◆ **Problem**
Before copying, set the pictures aside; then repeat every line below verbatim.

==== Information provided ====

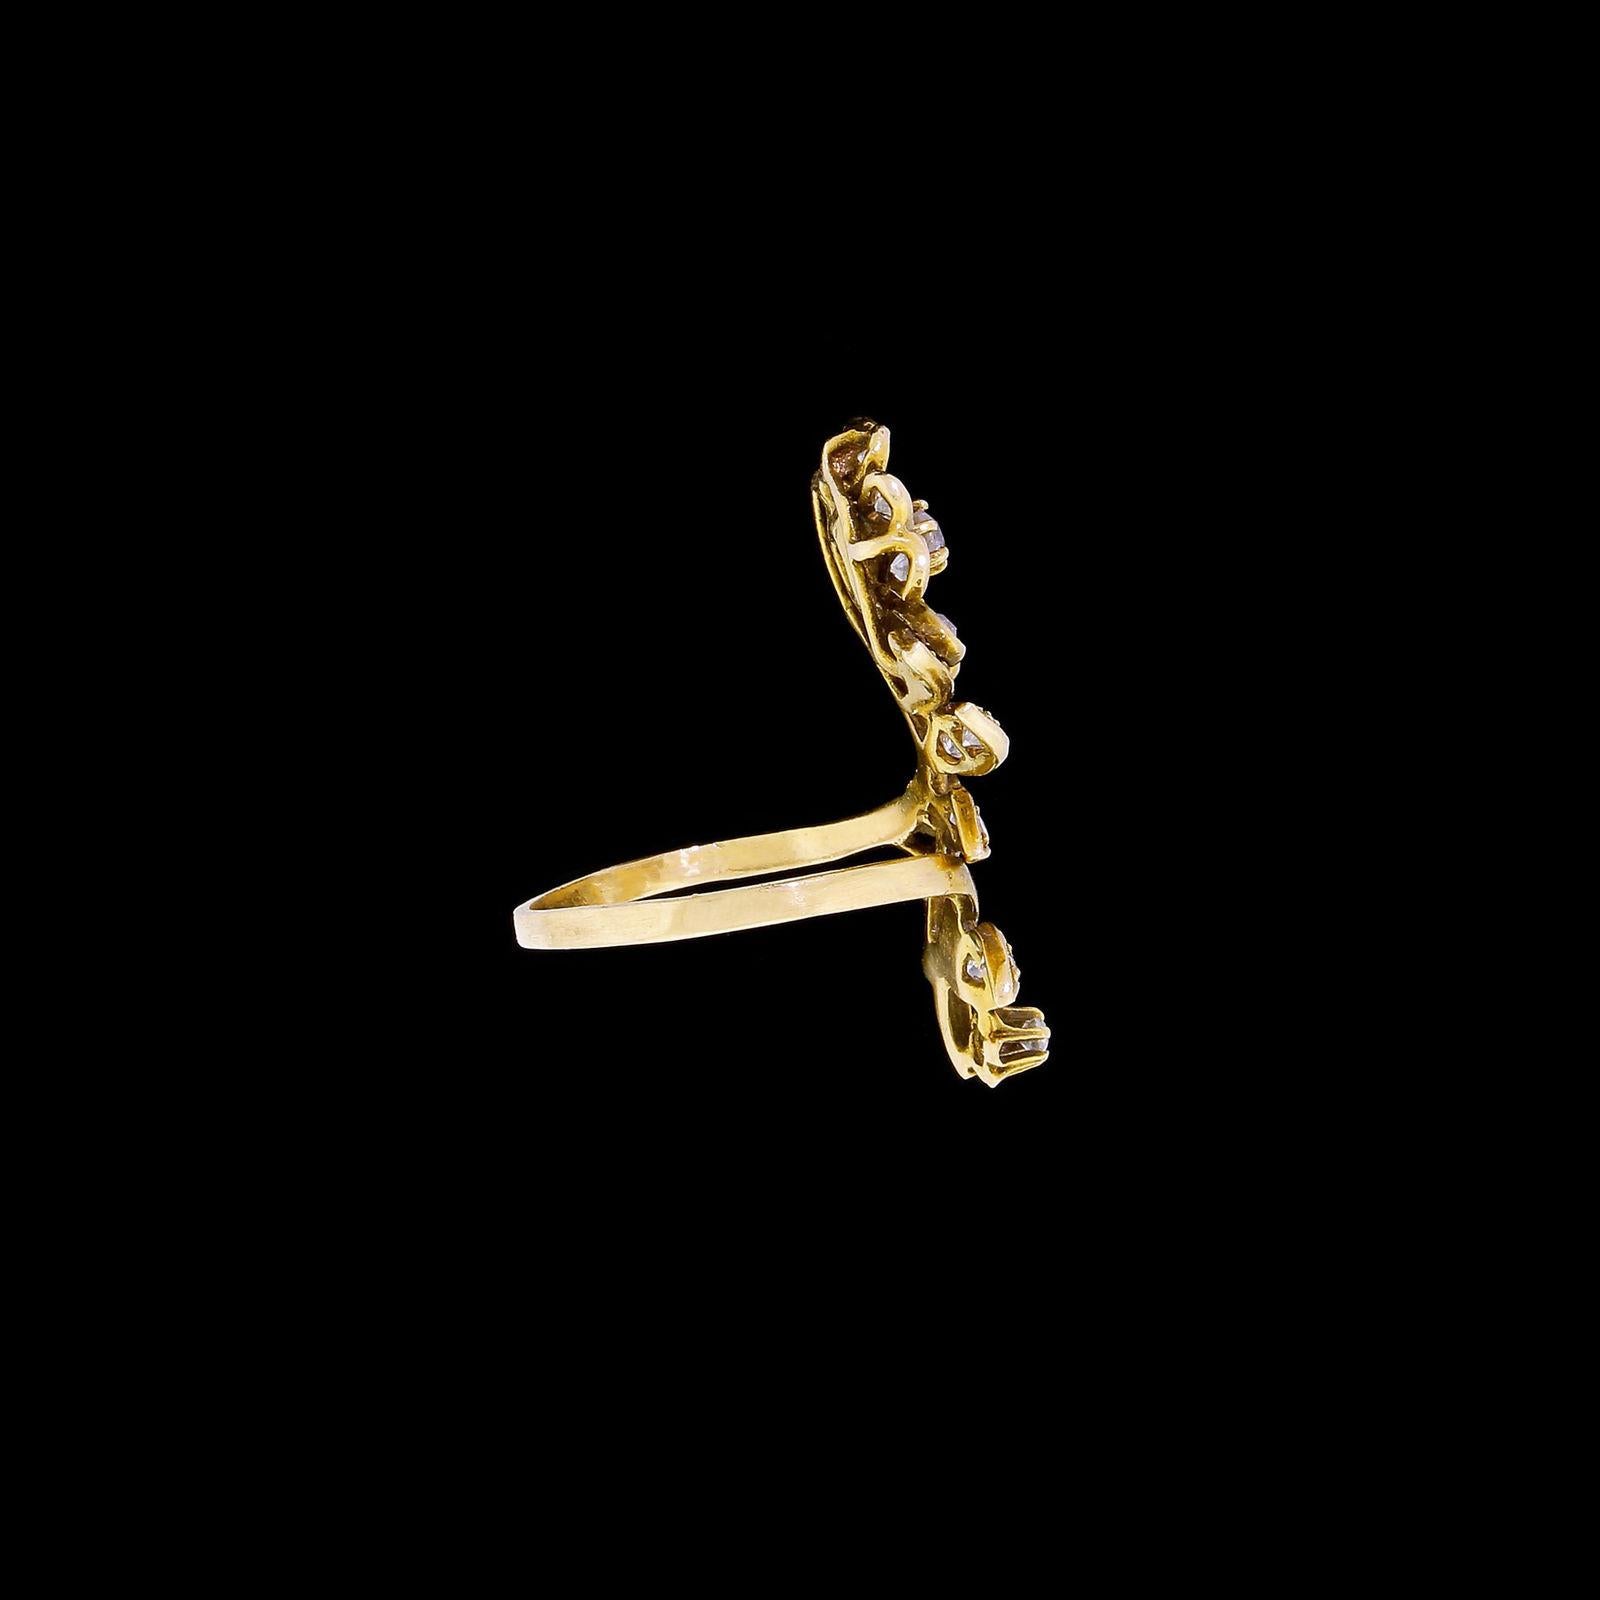 Vintage 14 Karat Gold Diamond Victorian Flower Floral Ring For Sale 1
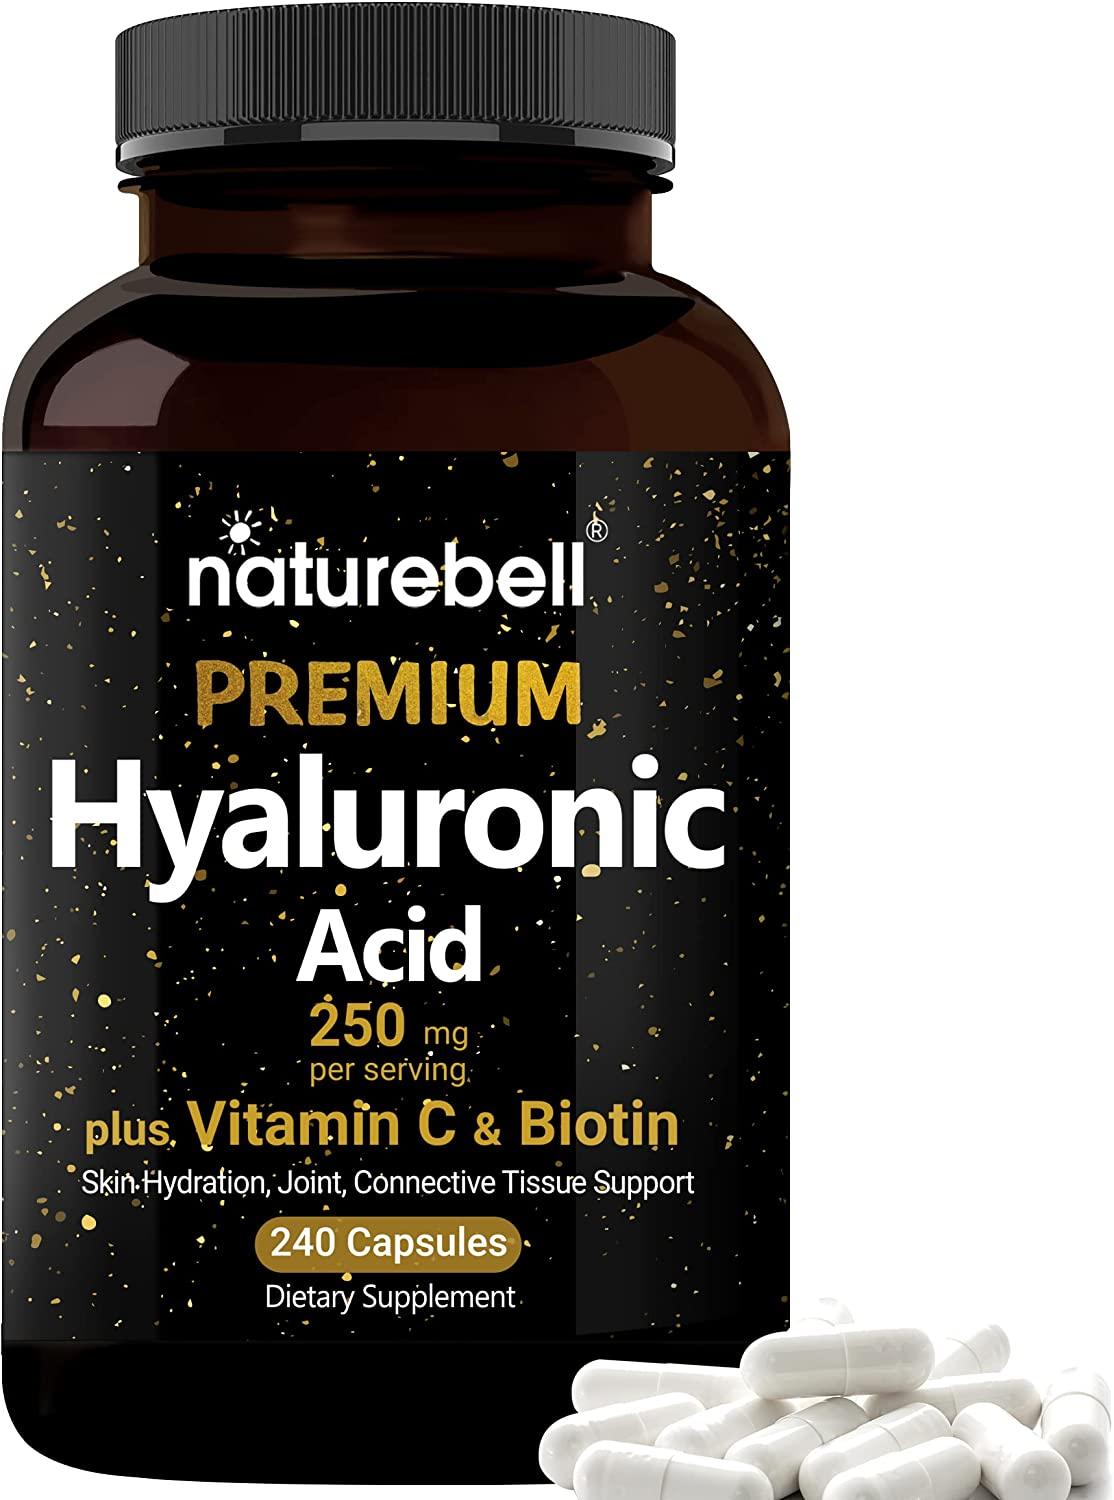 Acide Hyaluronique 250mg plus Vitamine C & Biotine - mondialpharma.com
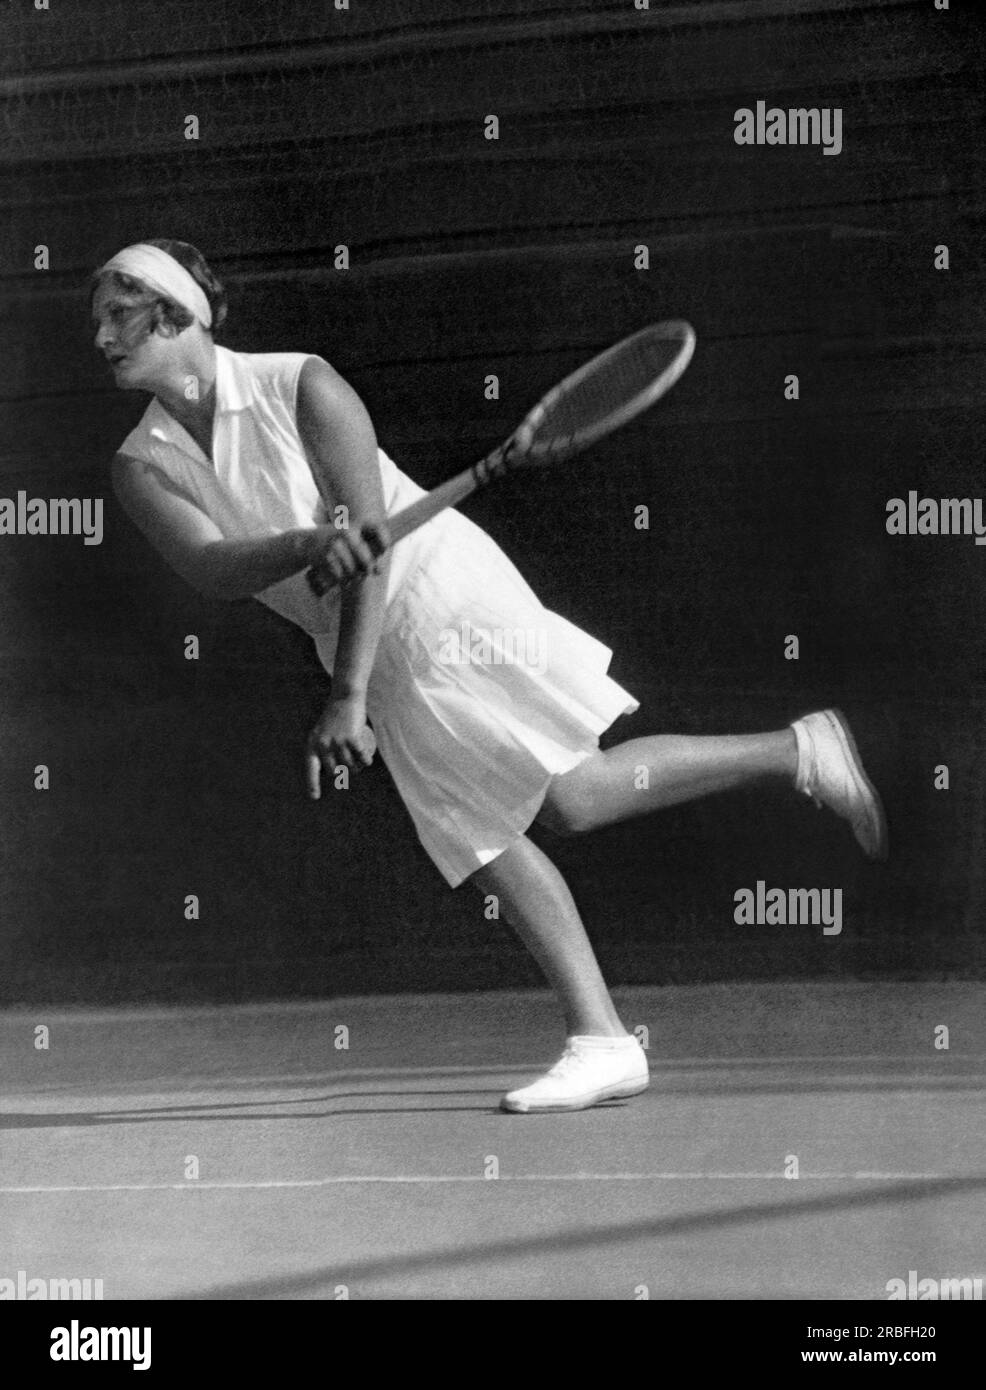 Angleterre : c. 1927 joueuse de tennis britannique, médaillée d'or olympique et championne de Wimbledom Kathleen McKane Godfree retournant une balle sur le court de tennis. Banque D'Images
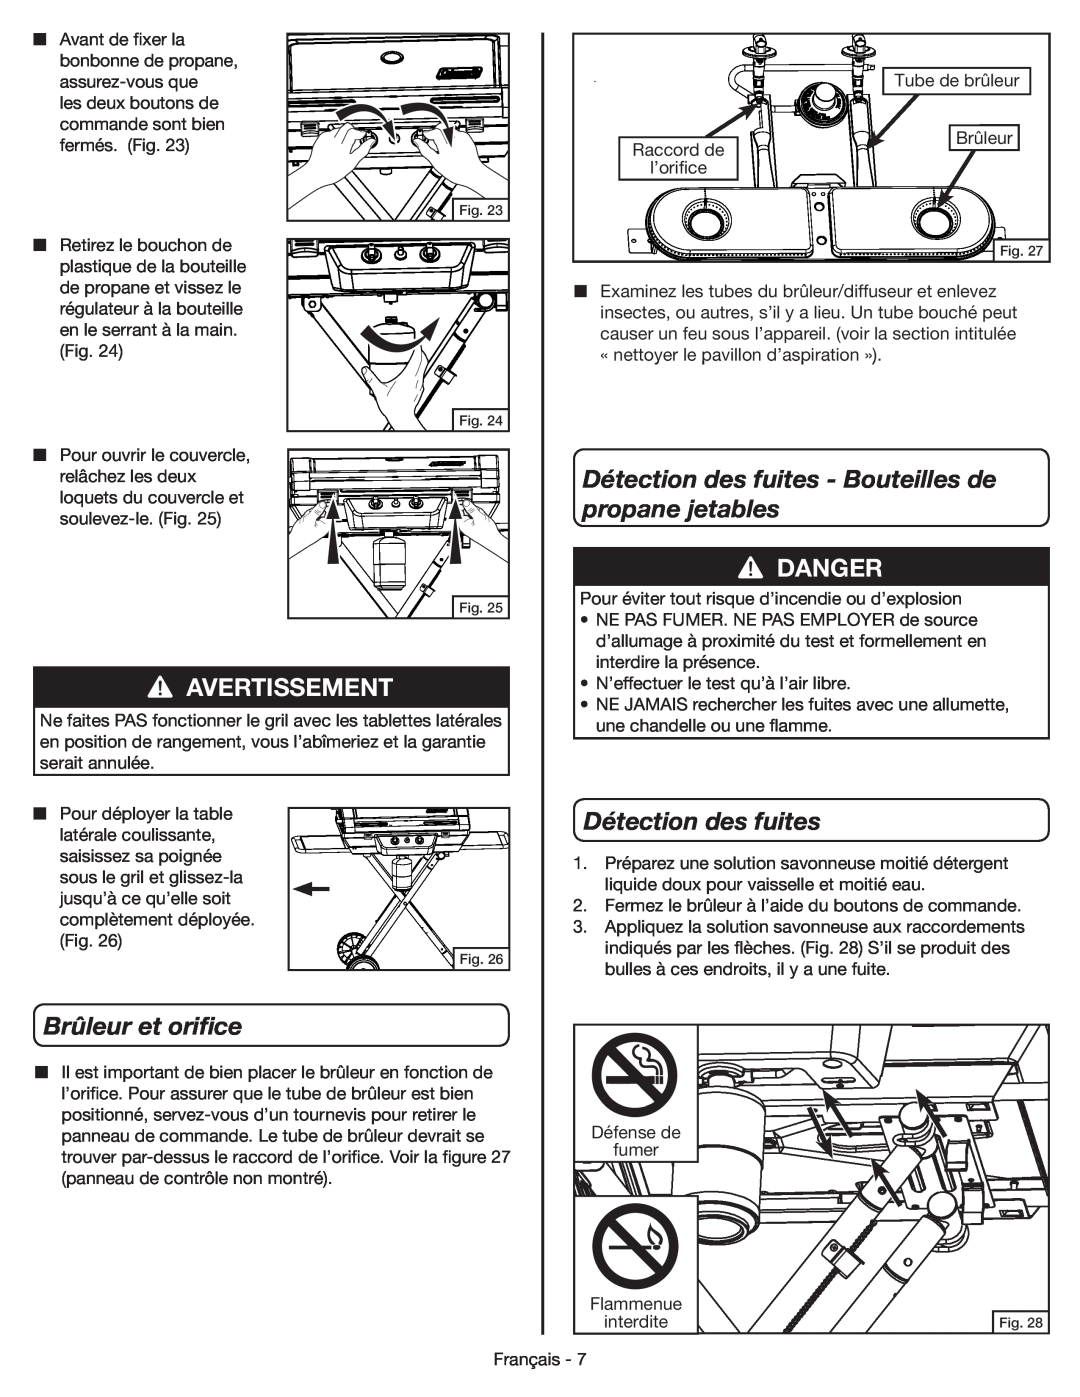 Coleman 9959 manual Détection des fuites - Bouteilles de, propane jetables, Brûleur et orifice, Danger, Avertissement

====

◆ **Task result**
 Vintage 14 Karat Gold Diamond Victorian Flower Floral Ring For Sale 1
 Acide Hyaluronique 250mg plus Vitamine C & Biotine - mondialpharma.com
 Angleterre : c. 1927 joueuse de tennis britannique, médaillée d'or olympique et championne de Wimbledom Kathleen McKane Godfree retournant une balle sur le court de tennis. Banque D'Images
 Coleman 9959 manual Détection des fuites - Bouteilles de, propane jetables, Brûleur et orifice, Danger, Avertissement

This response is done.